Of course Wall Street's timing is perfect—wait for retail to do all the heavy lifting, then swoop in to 'discover' the asset class. Classic finance playbook.

The 'BitLicense' catalyst

Rival broker Canaccord Genuity has also initiated coverage of Bullish with a buy rating and a $68 price target, highlighting the exchange’s growing institutional traction and potential boost from a pending New York BitLicense.

Founded in 2020, Bullish has quickly become a major player in crypto trading, recently leading global regulated exchanges in spot trading volumes for Bitcoin (BTC), ether (ETH), and stablecoins, the report said.

The company has expanded beyond trading with the acquisitions of CoinDesk in 2023 and CCData in 2024, adding media, data, and information services to its business lines.

Canaccord analysts also note Bullish’s role in the emerging “stablecoin wars,” supporting issuers like PayPal (PYPL) and Société Générale (GLE) with listings, liquidity, and promotion.

Already licensed in Europe and Asia, Bullish is expected to secure a BitLicense soon, opening access to U.S. institutional clients, the analysts wrote.

Despite conservative assumptions in its forecasts, including flat bitcoin prices through 2027, Canaccord points to Bullish’s early profitability, balance sheet bolstered by $2.4 billion in bitcoin, and long-term growth prospects as reasons for optimism.

Market share capture

Meanwhile, broker Bernstein has initiated coverage of Bullish with a market-perform rating and a $60 price target, highlighting the exchange’s experienced management team and its ambition to become the second-largest institutional platform after Coinbase.

That outcome, the firm says, hinges on a successful U.S. launch in 2026, where Coinbase currently dominates but opportunities are emerging around stablecoins, market data and indices.

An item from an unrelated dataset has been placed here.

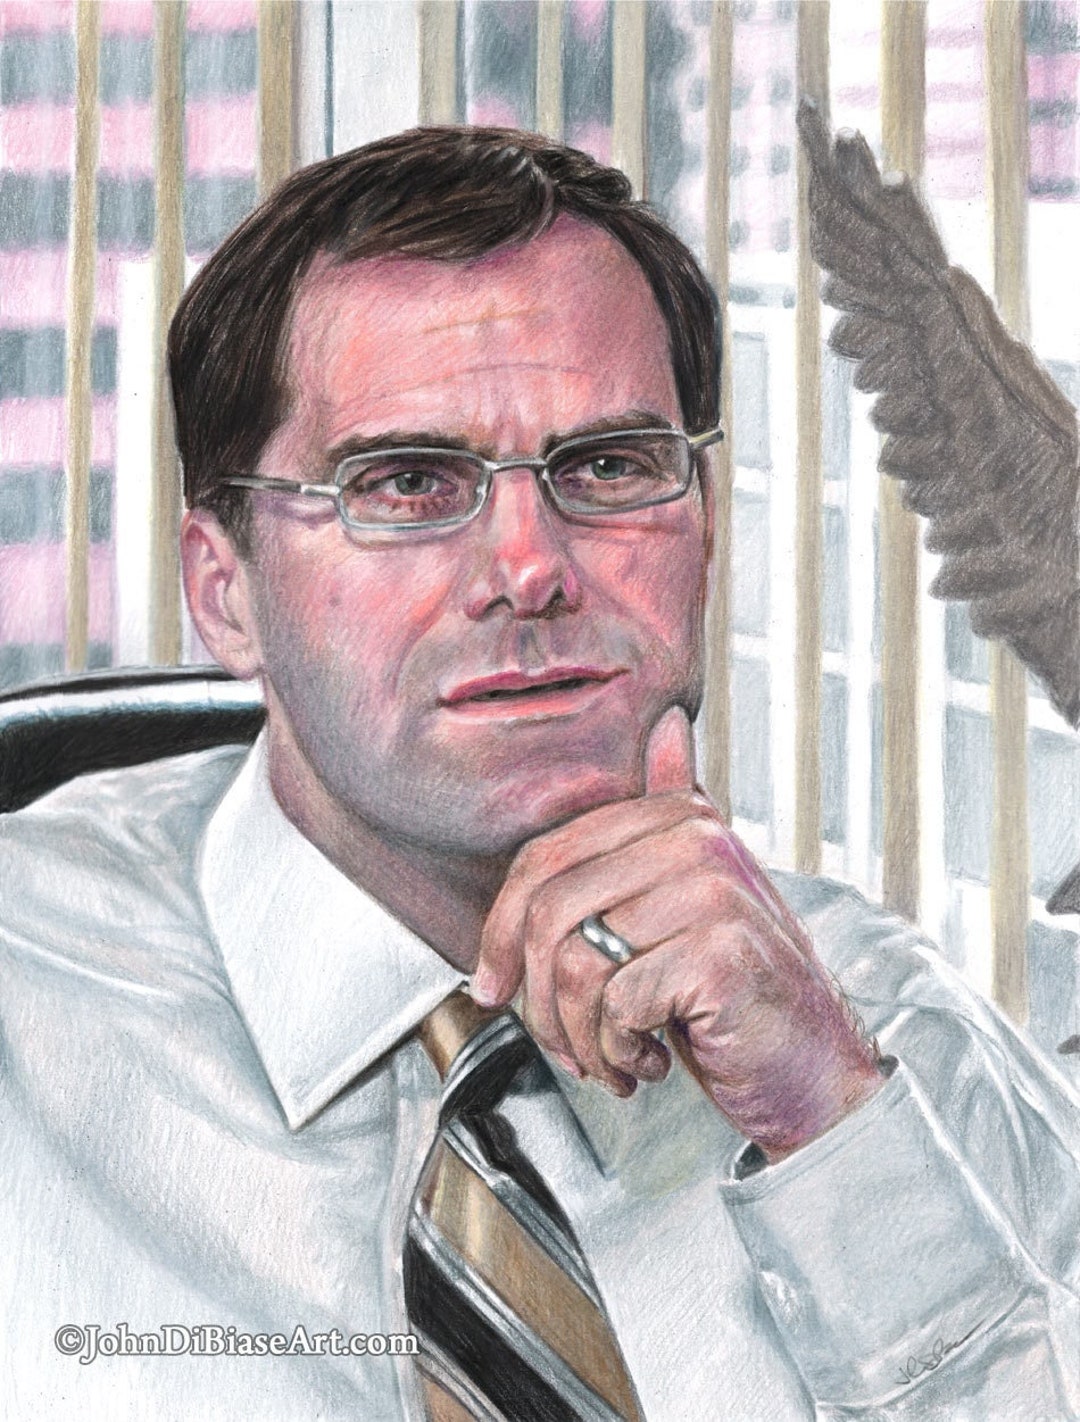 David Wallace andy Buckley From the Office - Etsy

Bullish’s ownership of CoinDesk also offers potential optionality if it moves into retail exchange services.

"We expect Bullish to capture ~8% market share in U.S spot institutional crypto volumes by 2027E, while global spot market share remains at ~7%," analysts led by Gautam Chhugani wrote.

Side-lined by valuation

Wall Street bank JPMorgan (JPM) has also initiated coverage of Bullish, assigning the crypto exchange operator a neutral rating and a price target of $50.

Like Bernstein, the JPMorgan analyst also pointed to Bullish’s experienced management team and its ability to navigate the fast-evolving digital asset landscape.

The bank's analyst said growth will likely be fueled by rising institutional demand for crypto exposure and the increasing role of tokens and stablecoins in trading activity.

Bullish is also well-positioned to expand into the U.S. market, building on its existing foothold in Europe and Asia. According to the bank, another growth driver will be its Liquidity Services business, where clearer regulation could broaden the range of supported blockchains and tokens, creating a stronger environment for exchanges like Bullish.

Still, JPMorgan noted that the firm’s current scale remains limited relative to its market opportunity. With the company at what the bank called a “critical point of maturity,” analysts said valuation concerns justify staying on the sidelines for now.

The shares were trading 3.6% lower, around $50.53, at publication time.